Filed Pursuant to Rule 424(b)(4)
Registration No. 333-235385
Registration No. 333-236050

Dated March 24, 2020
(To Prospectus Dated January 27, 2020)

CHF Solutions, Inc.

3,755,458 Warrants to Purchase Common Stock
(and 3,755,458 Shares of Common Stock Underlying the Warrants to Purchase Common Stock)

This prospectus supplement (this “Supplement”) modifies, supersedes and supplements certain information contained in, and should be read in conjunction with, that certain prospectus (including the information incorporated by reference therein, the “Prospectus”) filed by CHF Solutions, Inc. (the “Company”), dated January 27, 2020, related to the underwritten public offering (the “January 2020 Offering”) of the Company’s Class A Units consisting of shares of common stock and warrants and Class B Units consisting of Series H convertible preferred stock and warrants (each as defined in the Prospectus).  This Supplement is not complete without, and may not be delivered or used except in connection with, the Prospectus, as previously supplemented.

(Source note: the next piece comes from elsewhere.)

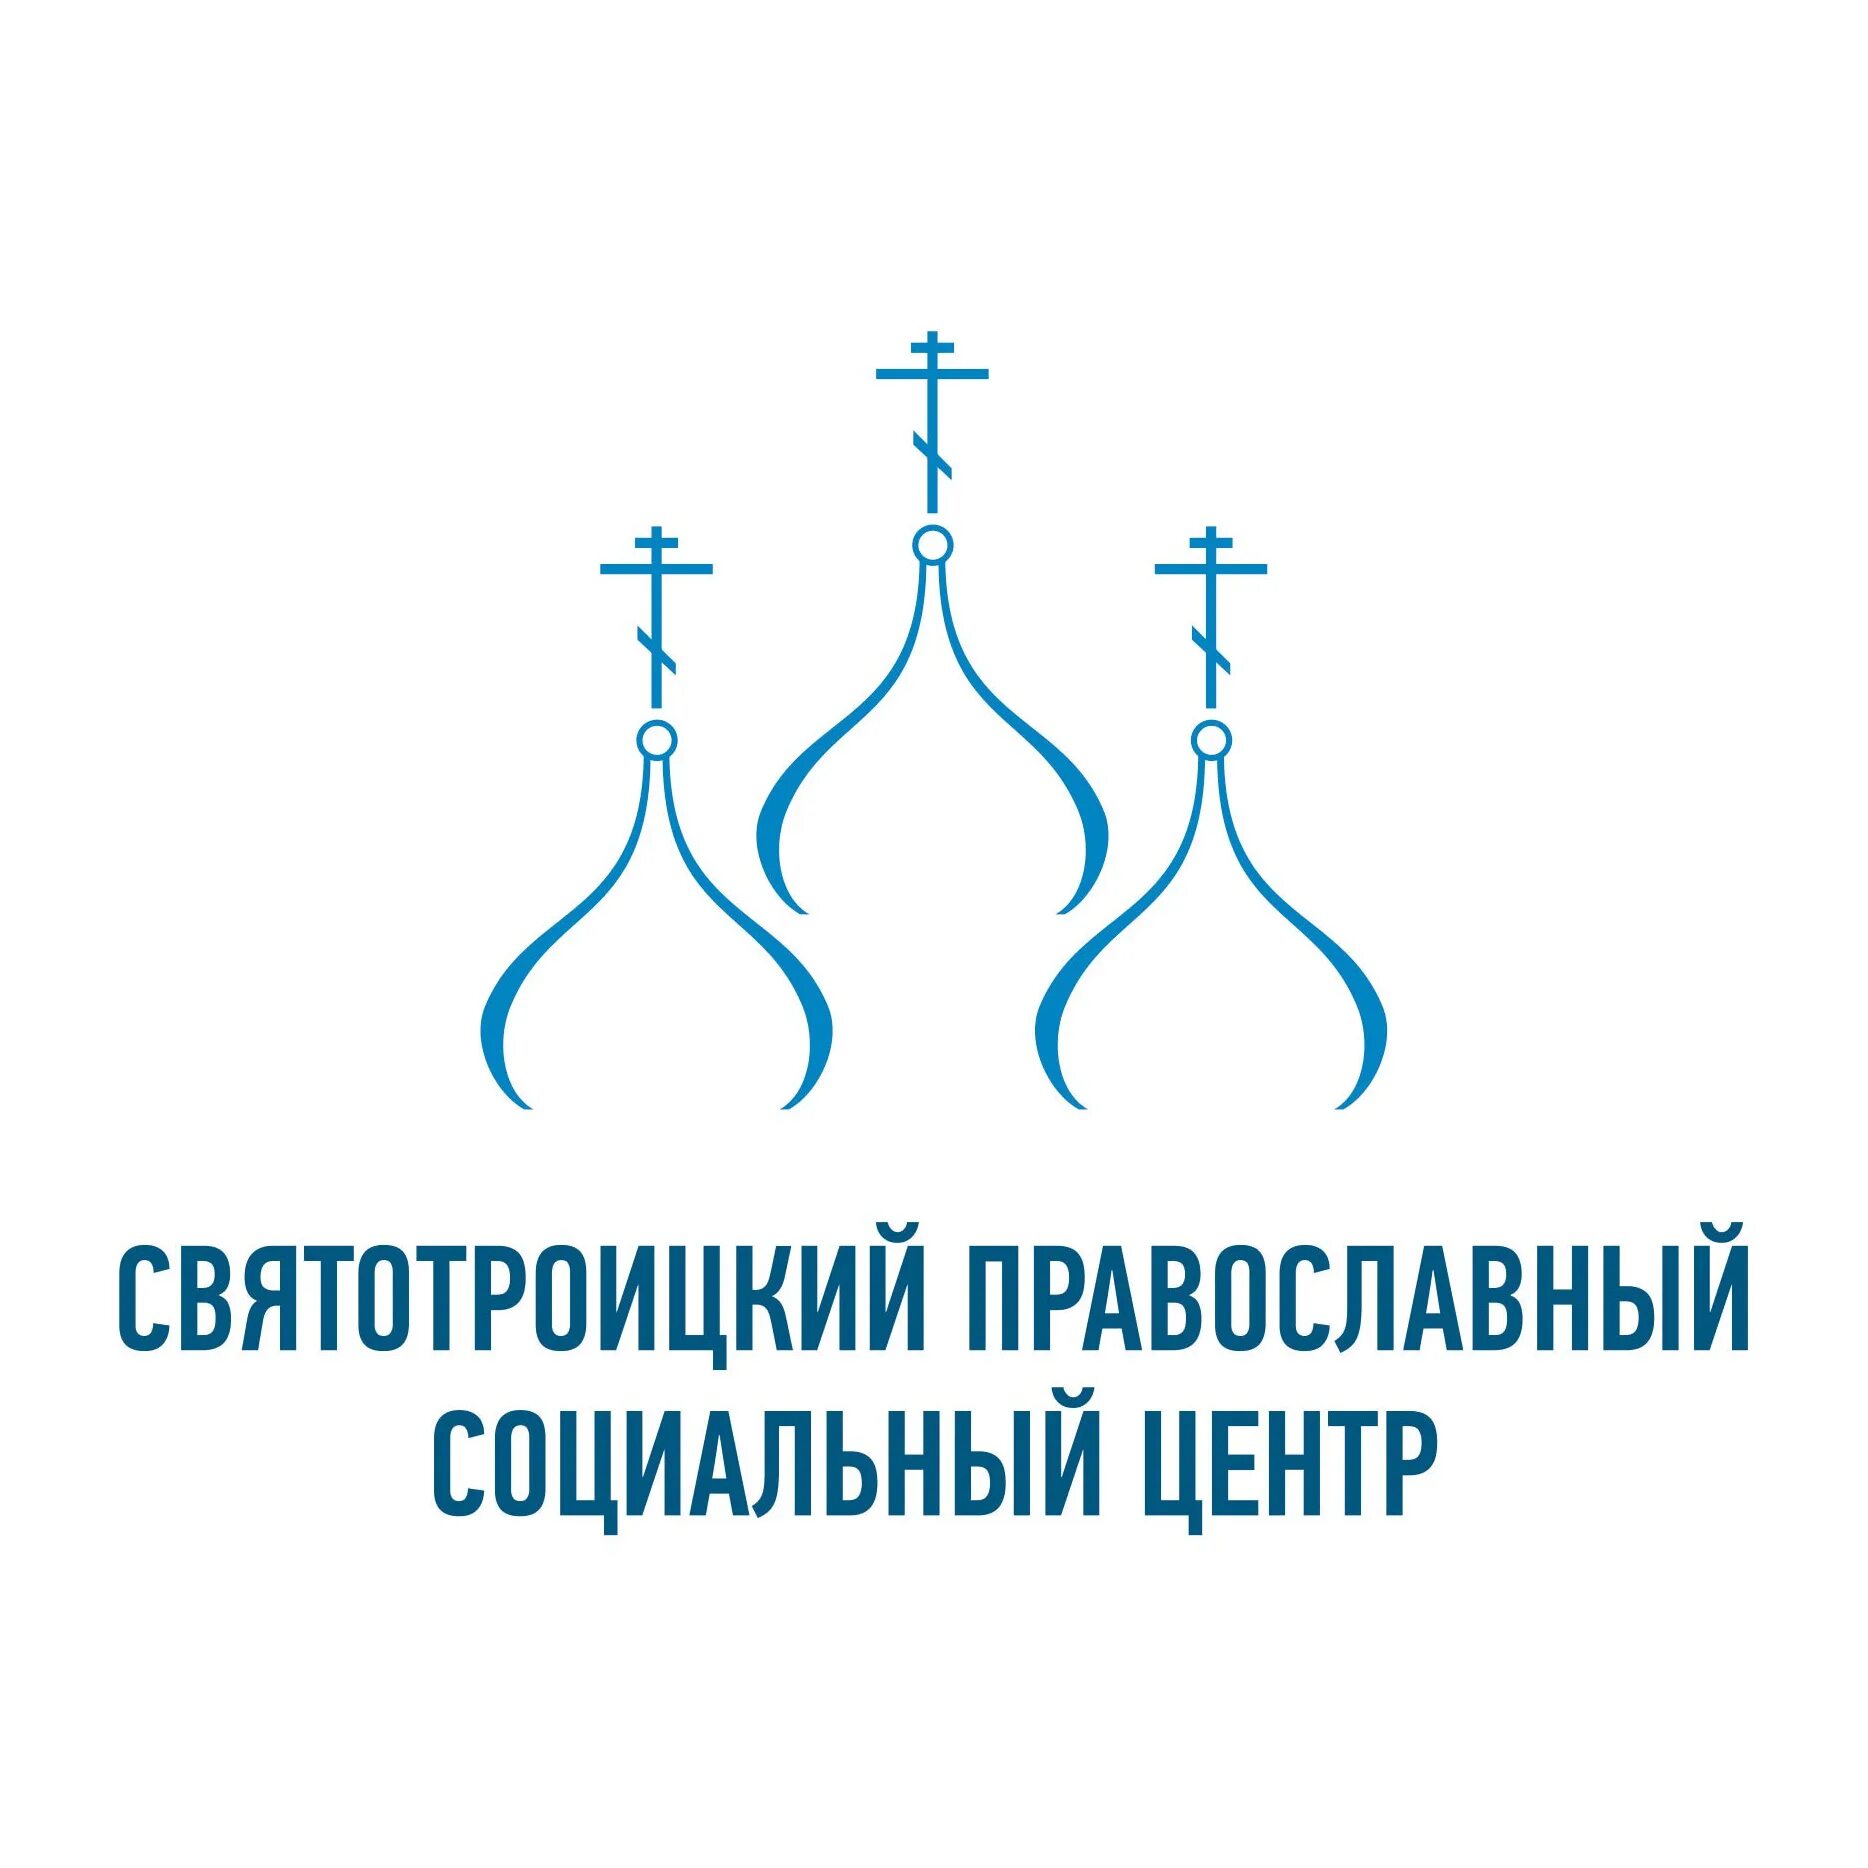 Святотроицкий православный социальный центр. Православие логотип. Эмблема православного храма. Логотип православного центра. Православные социальные группы

The Company’s common stock is listed on the Nasdaq Capital Market under the symbol “CHFS.”  On March 20, 2020, the last reported sale price of the Company’s common stock on the Nasdaq Capital Market was $0.32 per share.

The information contained in this Supplement modifies and supersedes, in part, the information in the Prospectus. Any information that is modified or superseded in the Prospectus shall not be deemed to constitute a part of the Prospectus, except as modified or superseded by this Supplement.

We may amend or supplement the Prospectus from time to time by filing amendments or supplements as required. You should read the entire Prospectus and any amendments or supplements carefully before you make an investment decision.

Investing in our securities involves risks. See “Risk Factors” beginning on page 7 of the Prospectus and in the documents incorporated by reference into the Prospectus.


You should carefully consider the risk factors set forth in the Prospectus, as well as the other information contained, or incorporated by reference, in this Supplement or the Prospectus. The Prospectus contains forward-looking statements about our expectations, beliefs, plans, objectives, assumptions or future events or performance that are not historical facts. You are cautioned that any forward-looking statements are not guarantees of future performance and are subject to risks and uncertainties. Actual results may differ materially from those included within the forward-looking statements as a result of various factors. Cautionary statements in the “Risk Factors” section of the Prospectus and in the documents incorporated by reference therein identify important risks and uncertainties affecting our future, which could cause actual results to differ materially from the forward-looking statements made or included in this Supplement and the Prospectus. Further, any forward-looking statement speaks only as of the date on which it is made, and we undertake no obligation to update any forward-looking statement or statements to reflect events or circumstances after the date on which such statement is made or to reflect the occurrence of unanticipated events.


Pursuant to the terms set forth in the Warrants to Purchases Common Stock, issued on January 28, 2020 (the “Warrants”), such Warrants are subject to adjustment in certain circumstances, including in connection with stock splits or if the Company sells common stock at a price lower than the then-exercise price of the Warrants. As a result of a registered direct offering that closed on March 23, 2020 (the “March 2020 Offering”), the exercise price of the Warrants was adjusted to $0.30, the per share price to the public in the March 2020 Offering, upon the closing of the March 2020 Offering on March 23, 2020. As of March 20, 2020, there were 3,755,458 shares of our common stock issuable upon the exercise of outstanding warrants, following such exercise price adjustment.

This Supplement is being filed to reflect the foregoing adjustments in the exercise price of the Warrants, as described above.

The date of this prospectus supplement is March 24, 2020.